A gas producer was in breach of its obligation to meet required capacity levels from specific reservoirs by topping up supply levels with gas from other reservoirs. General commercial considerations or other market practices which do not form part of the contract will have little to no effect on parties’ obligations where the contractual terms are clear (since as a matter of English law an objective approach to interpretation is taken) (British Gas Trading Ltd v (1) Shell UK Ltd (2) Esso Exploration & Production UK Ltd2).
To what extent are other contracts in a suite of contracts relevant to the interpretation of a particular clause in one contract within that suite?

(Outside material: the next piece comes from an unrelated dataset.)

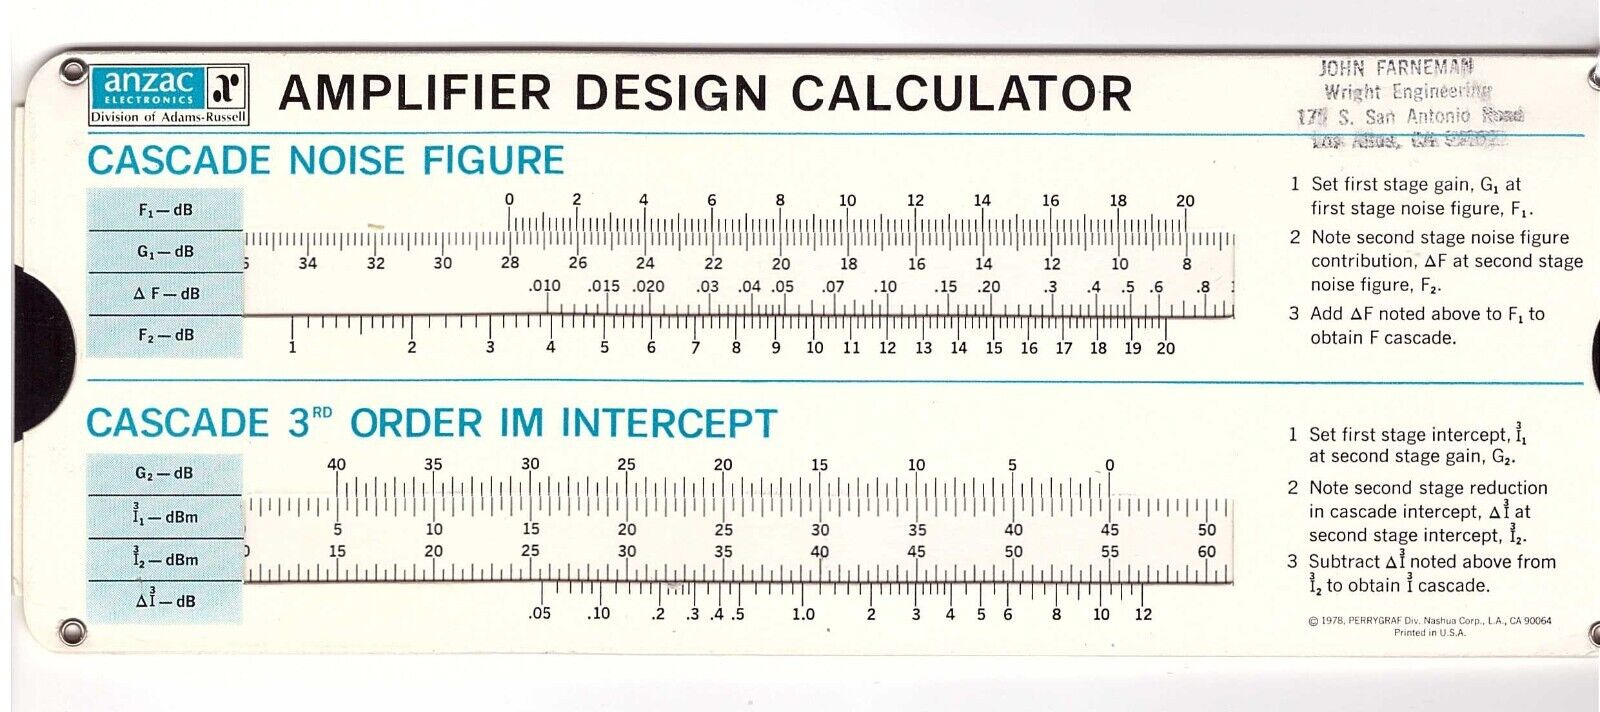 Anzac AMPLIFIER DESIGN CALCULATOR, slide rule, (S-1379)

The Court of Appeal has confirmed that, when interpreting the meaning of a provision appearing in a suite of contracts, regard must be had to the nature of the parties’ dealings at the time and that where two or more contracts form part of a package, they "fall to be read together" and must be construed "in their proper context as a cohesive whole" (Apache North Sea Ltd v Euroil Exploration Ltd3).
How do the Courts reconcile inconsistent provisions between standard and bespoke terms?
In line with settled case law in this area, the Court of Appeal has confirmed that a practical and commercial approach will be taken to inconsistent provisions, with consideration given to: (i) the parties’ intentions at the point of entering into the contract, (ii) a contract’s broader commercial context, and (iii) whether a term can sensibly be read alongside another without depriving it of its practical effect (Septo Trading Inc v Tintrade Limited4).
Do delay liquidated damages apply in a contract that has been terminated prior to completion of the planned works?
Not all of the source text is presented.